OK, I would say 9 feet (2.7 m)

This is what it says on the camera lens housing: f=6.3 - 12.6mm  1:3.8
  I used 0 telescopic action.

Camera is SONY Cybershot DSC-P52    -  3.2 MP

Phase of the MOON - I don't know :)

carson
 
Carson, On a beautiful day like that, you need to get out of the motorhome, go for a walk or drive, and quit worrying about cloud speed.  ;)
 
I know, Wendy, but somebody has to do it.

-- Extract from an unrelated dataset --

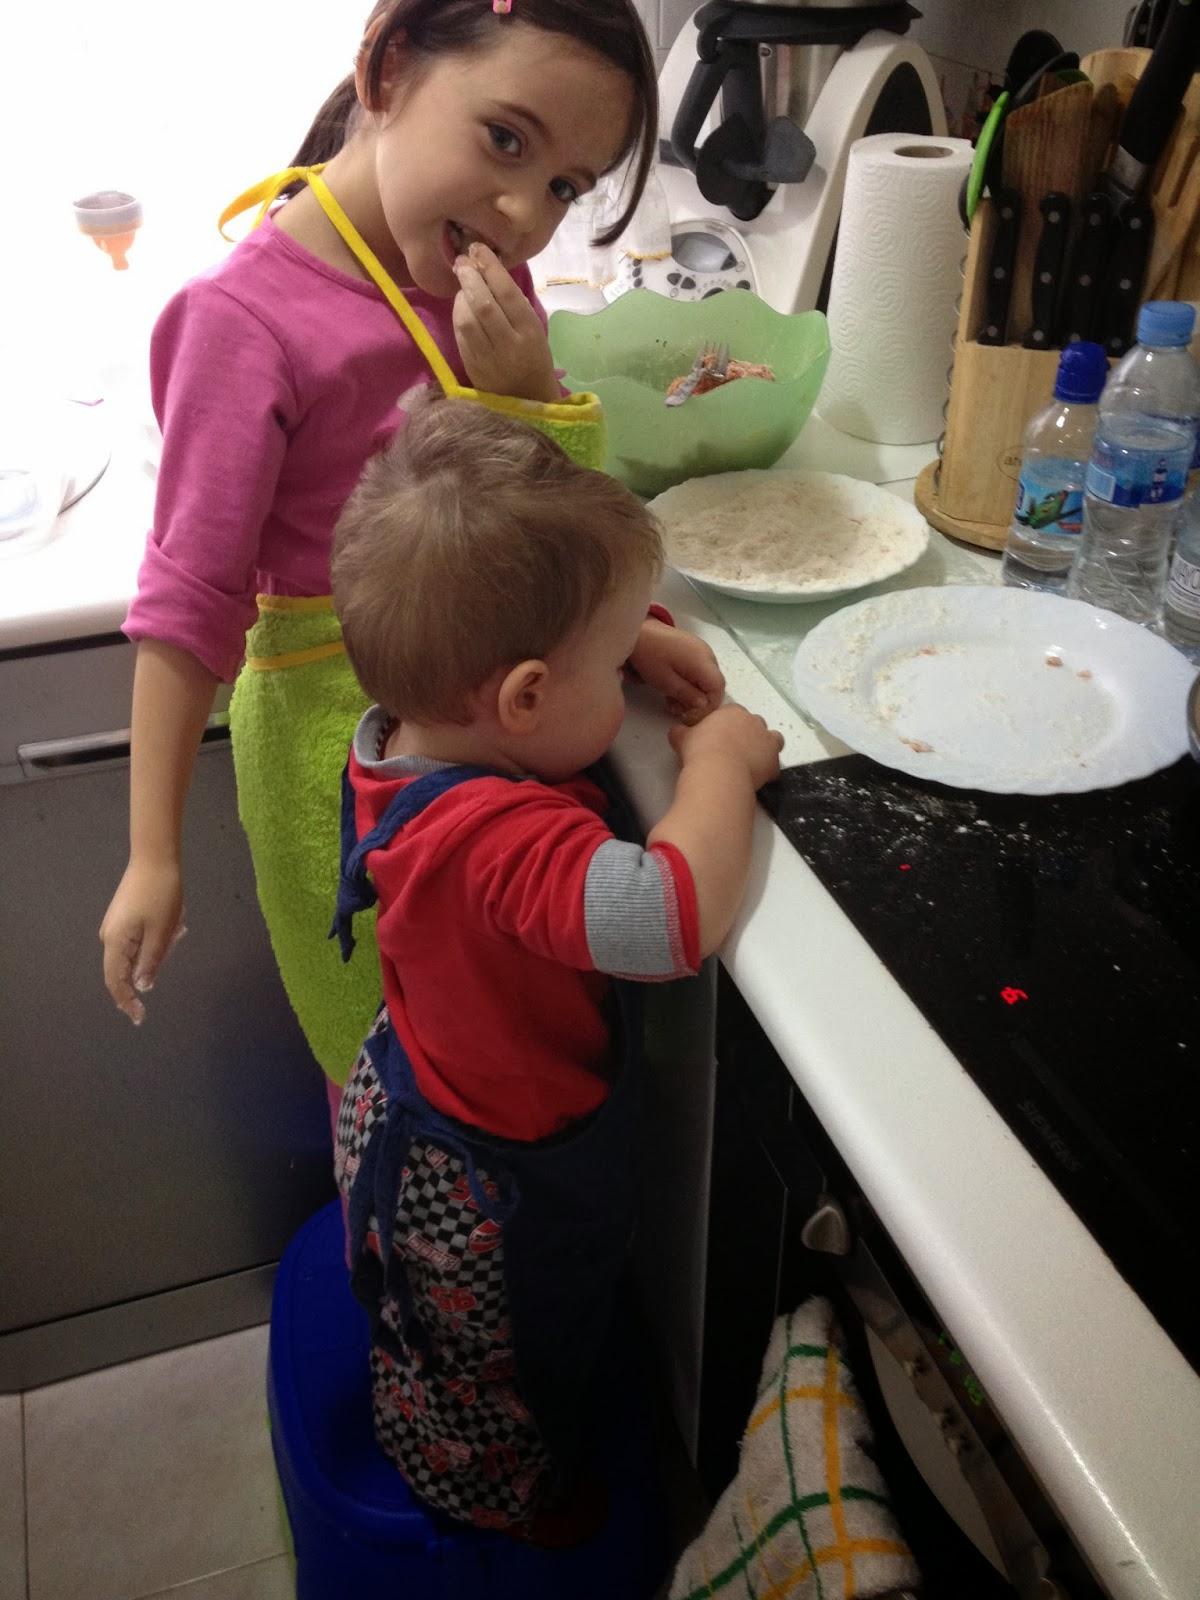 comida infantil,comida, niños, hijos
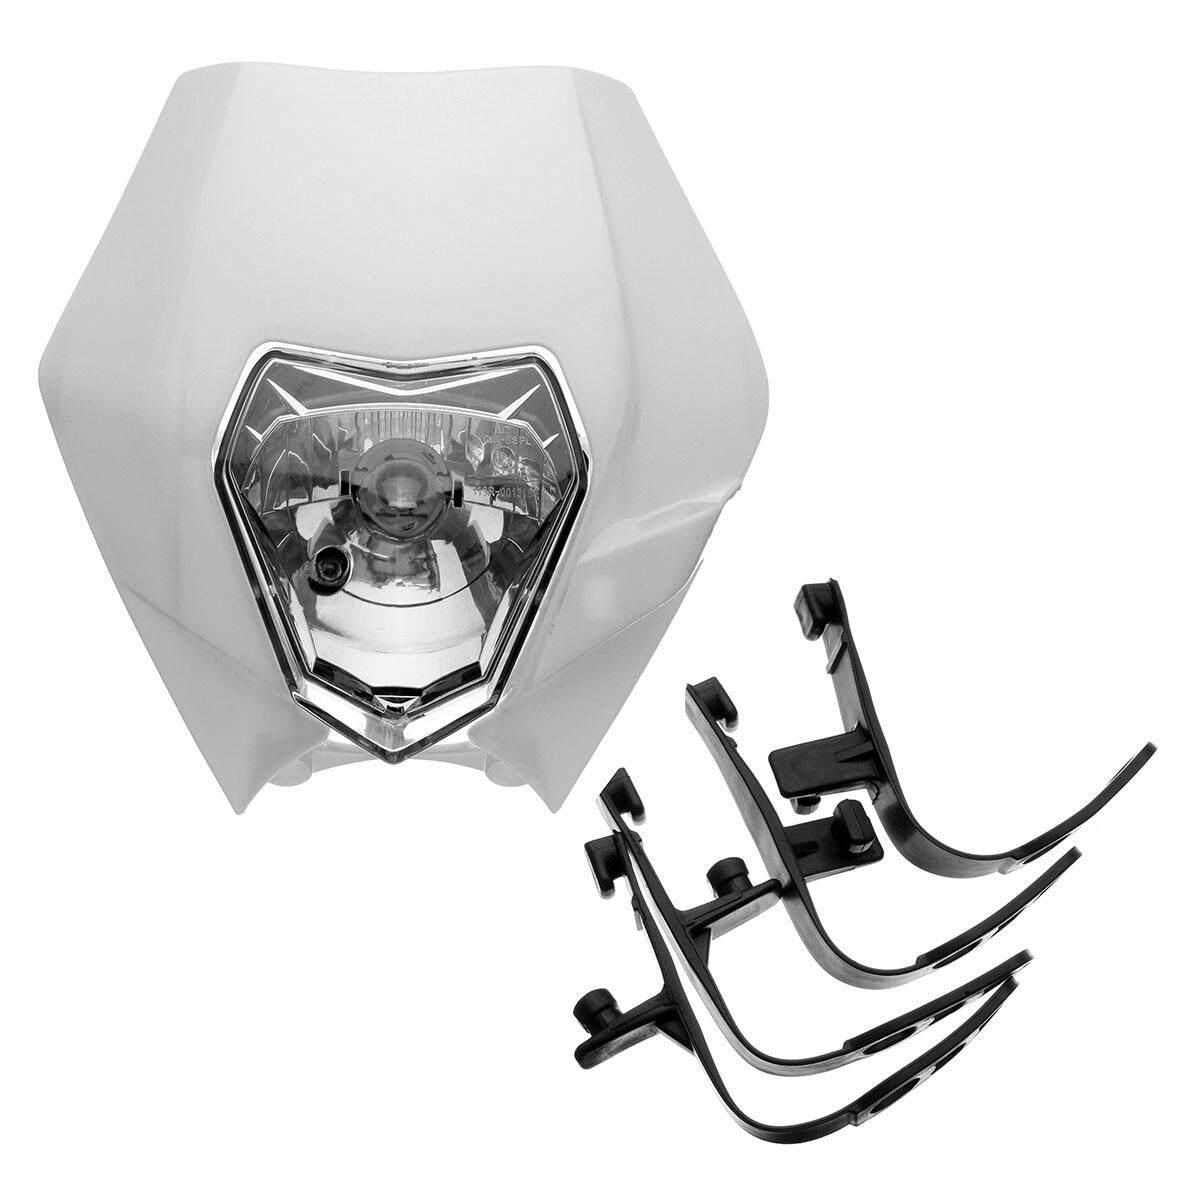 Motorcycle Dirt Bike Motocross Supermoto Universal Headlight KTM SX EXC XCF SXF SMR Headlamp (White) - intl

I am in A-1 shape now for my age, I'm afraid that walking will only wear out my bearings.:)

carson
 
Lessee...
4 ft/min x 60 = 240 ft/hr
240 ft/hr / 5280 ft/mi = 0.454545 mi/hr
Scale factor 2000/9 = 222.22222
.0454545 x 222.222= 10.101010mi/hr
Which is the wind speed at the cloud altitude
Art
 
Okay, here's a rough solution...
With the van window tilted back 20 degrees from vertical, you are looking up at the sky at about a 40-degree angle, neglecting the
small down angle you are viewing the van at.

If you are looking up at 40-degrees and the clouds are 2000 feet above you, then you are looking at clouds in the center of the window that are 3,111 feet away from you.
[ 2000/sine(40-degrees) = 3111 ]

Neglecting the complication of stereo vision, if the van window is 4-feet wide and 9-feet away from you, then your field-of-view of the clouds
is 1,383 feet wide.  [ 4 * 3111/9 = 1383 ]

Therefore the cloud speed is 1,383 feet per minute or about 15.7 mph.  There are some seconday issues that would change the number a bit, but that's a ballpark answer.

Sorry to take so long, but my granddaughter's birthday party took priority.

 
King said:
Lessee...
4 ft/min x 60 = 240 ft/hr
240 ft/hr / 5280 ft/mi = 0.454545 mi/hr
Scale factor 2000/9 = 222.22222
.0454545 x 222.222= 10.101010mi/hr
Which is the wind speed at the cloud altitude
Art
Click to expand...

You're off by the factor of 3111/2000.  The clouds are 2000 feet high, not 2000 feet away.

I agree that cloud speed matches wind speed -- I forgot to put that in my answer.
 
I am impressed!  Thanks Frank and Art, sure makes sense to me.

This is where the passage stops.